TASK DATA Start Marker
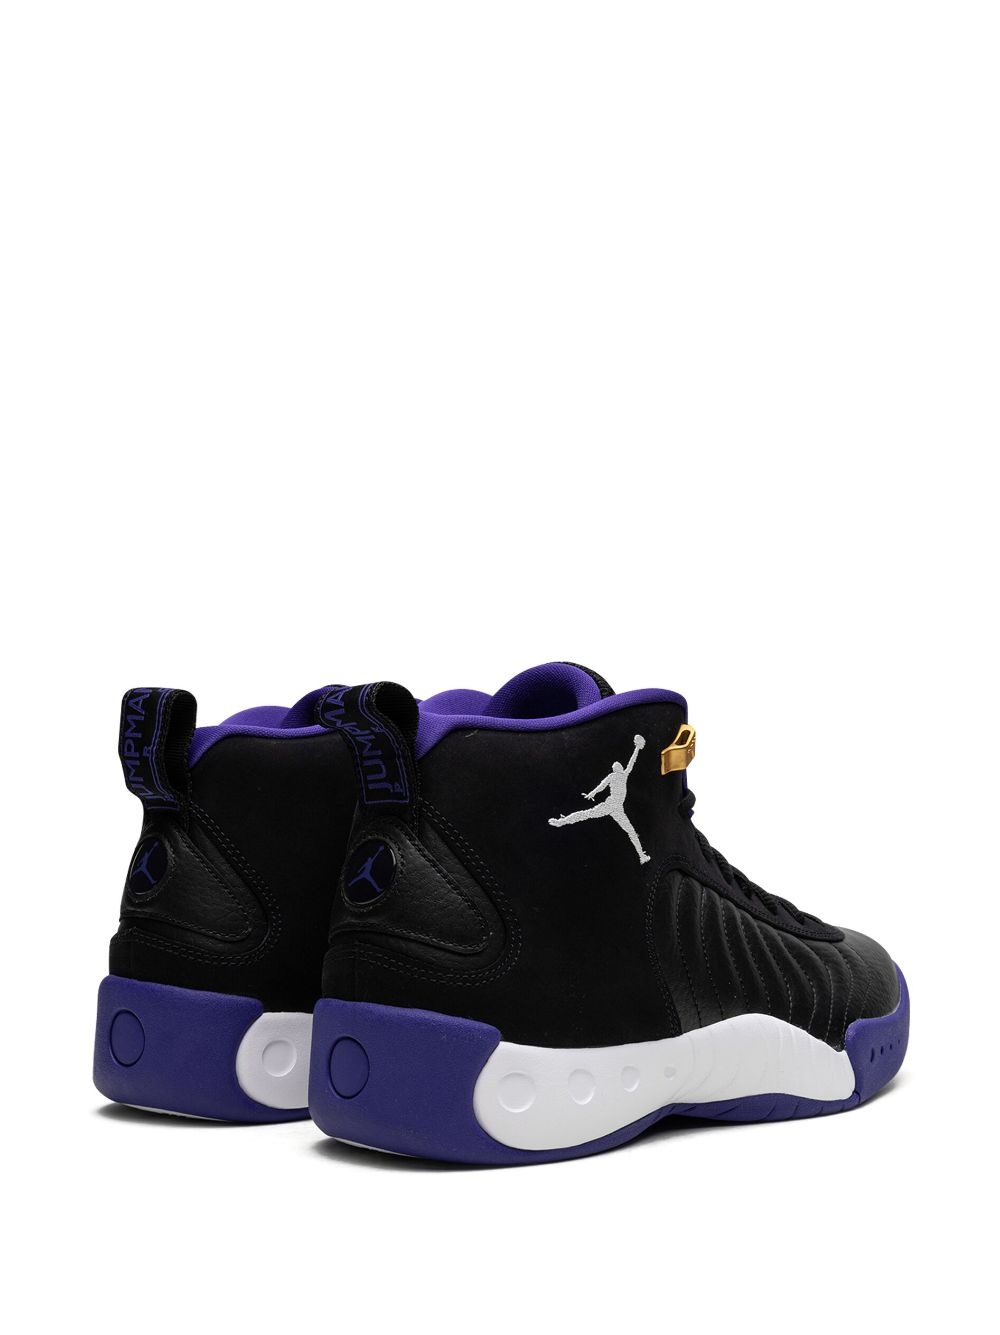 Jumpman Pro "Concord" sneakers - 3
TASK DATA End Marker
TASK DATA Start Marker
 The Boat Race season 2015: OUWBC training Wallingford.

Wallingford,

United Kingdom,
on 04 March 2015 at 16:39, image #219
TASK DATA End Marker
§ **PROBLEM**
Reproduce exactly the lines above from the line with "The Boat Race" to the line with "on 04 March 2015 at 16:39, image #219", including both, and add nothing.

§ **ANSWER TO THIS EXERCISE**
 The Boat Race season 2015: OUWBC training Wallingford.

Wallingford,

United Kingdom,
on 04 March 2015 at 16:39, image #219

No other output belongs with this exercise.